Exterior grade plywood would be a good place to start. Do you have woodworking tools? Circular saw, table saw, Chop saw, any of that?


----------



## CheerCoach (Jul 31, 2011)

yes I have them all


----------



## Bud Cline (Mar 12, 2006)

I would determine the size of the cap I wanted. Then if using 3/4 ply add 1-1/2" to that measurement on two sides to make up for the space that will be consumed by the edge pieces. Then out of the same ply rip pieces for the sides/edges and screw them together. Fill them with concrete mix.
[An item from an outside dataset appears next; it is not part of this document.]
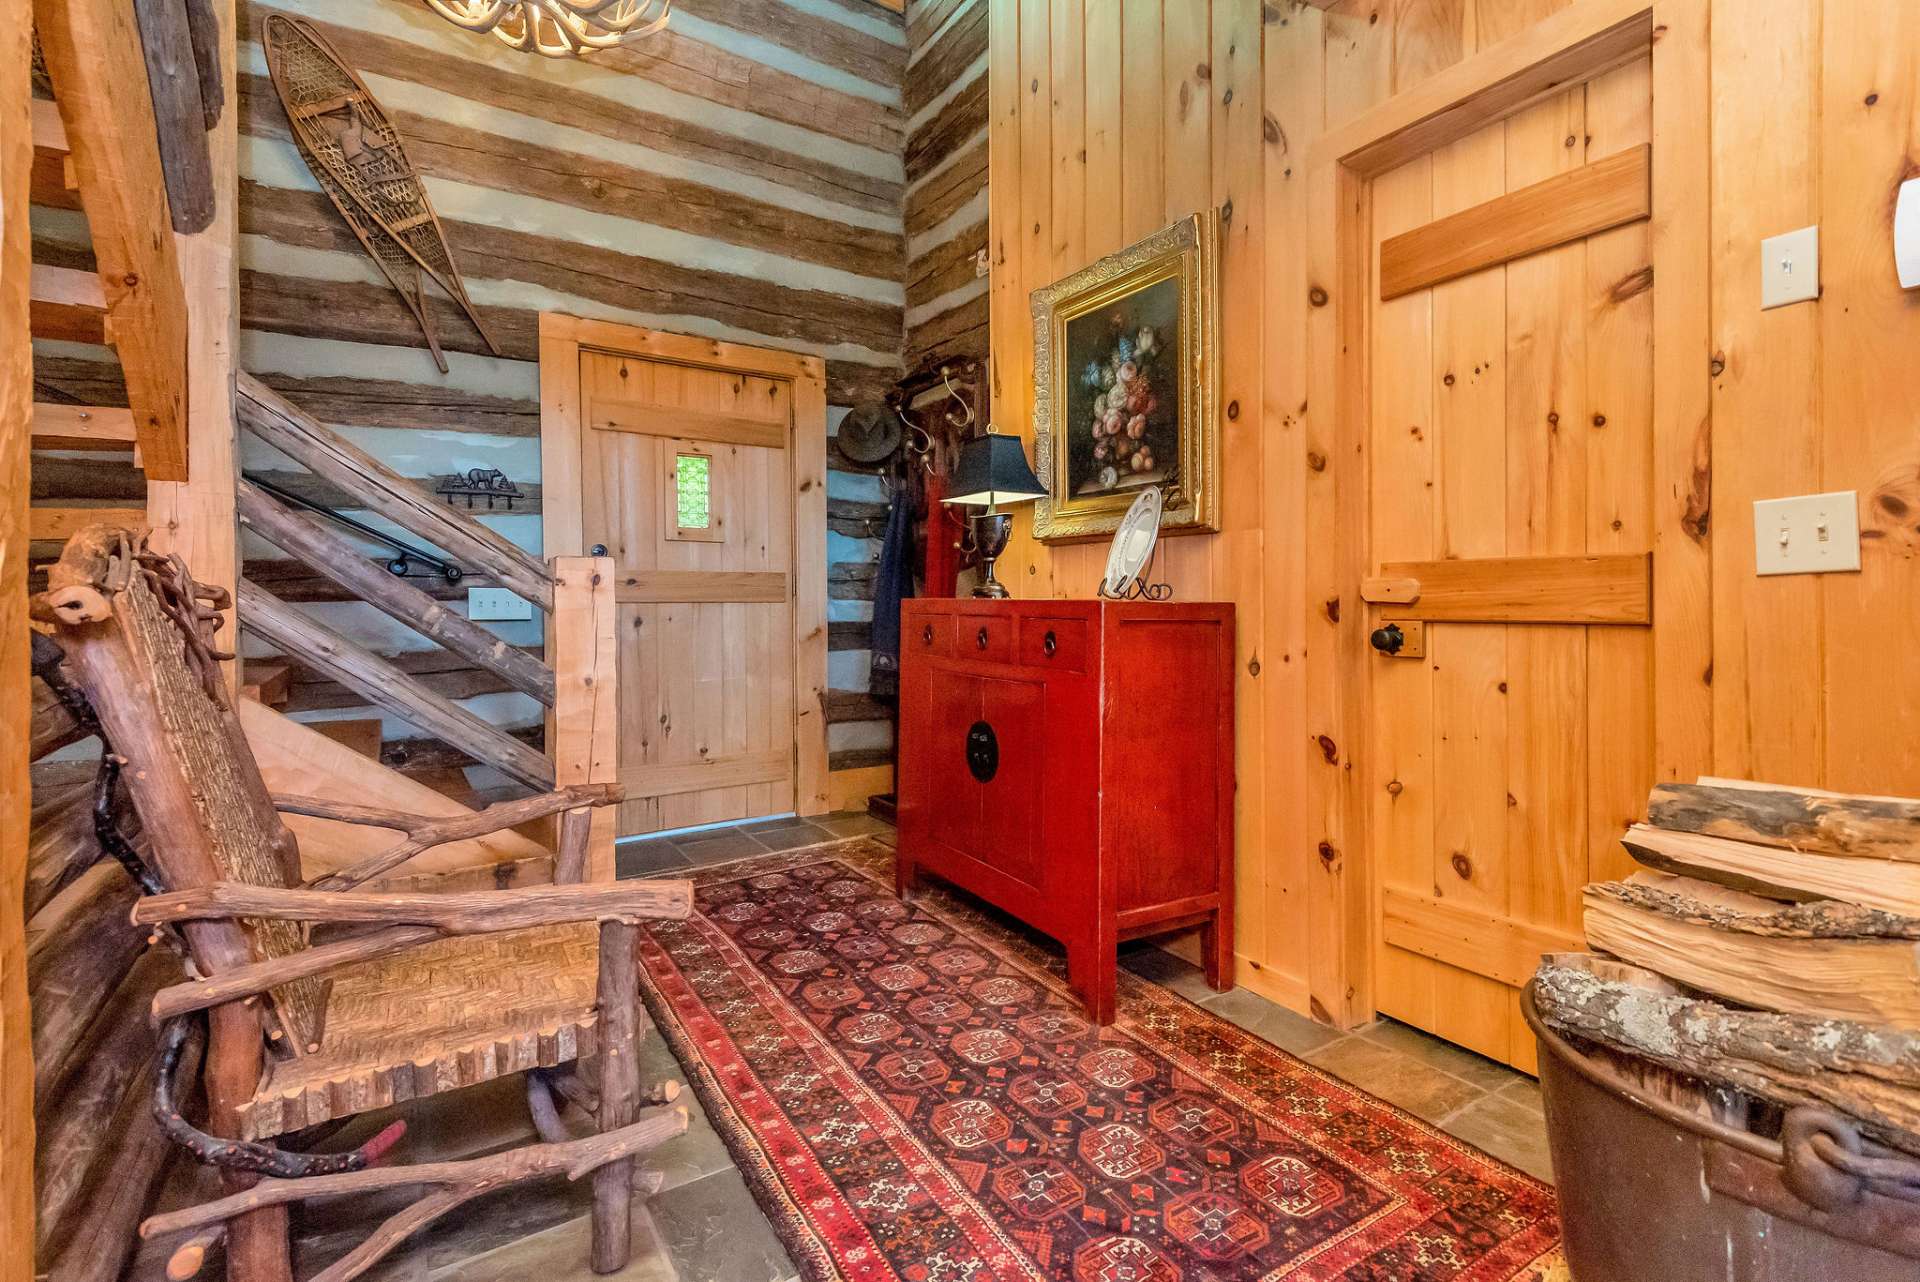 Greet family and friends in the 2-story foyer which leads to all three levels of this unique cabin.

Depending on how many you need you can make just a few boxes (forms) and use them over until you have enough.

You might install a little re-wire in the cast or a couple of pieces of re-bar.

Not too much to it.


----------



## CheerCoach (Jul 31, 2011)

Sounds simple enough.. THANKS!


----------



## weberus3 (Mar 9, 2009)

Hey Cheer Coach,
I have tried too ways at making a "curve" form with concrete. Both have worked great depend's on how much you want to spend.
1. I used "4x8 hardy board from big box store. Cut my form and applied 2-3 coats of polyurthene to the inside of the form. As long as the outside is supported it will hold the mold till the concrete starts to harden (10-12 hours later) I used this for both the sides and the bottom and did a "inlay" on the bottom part which was poured upside down style. I did the inlay with stained glass mosic and sand grouted to finish. (it was a concrete bench see it in Familyhandyman.com full step instructions).

2. I was praticing for concrete countertops. But to try my skills I made my own wall toppers for trials. I used a 4x8 "pink or green" insulation board from a big box store. Cut in strips to make my form, used plexiglass bottom for one, and used the plastic MFD covered, for one bottom. I poured 4 total 12"w x 8' long 1/2" thick. All were poured upside down style and rebar reinforced. All turned out good. 

Still haven't got the balls to do countertops yet though!


----------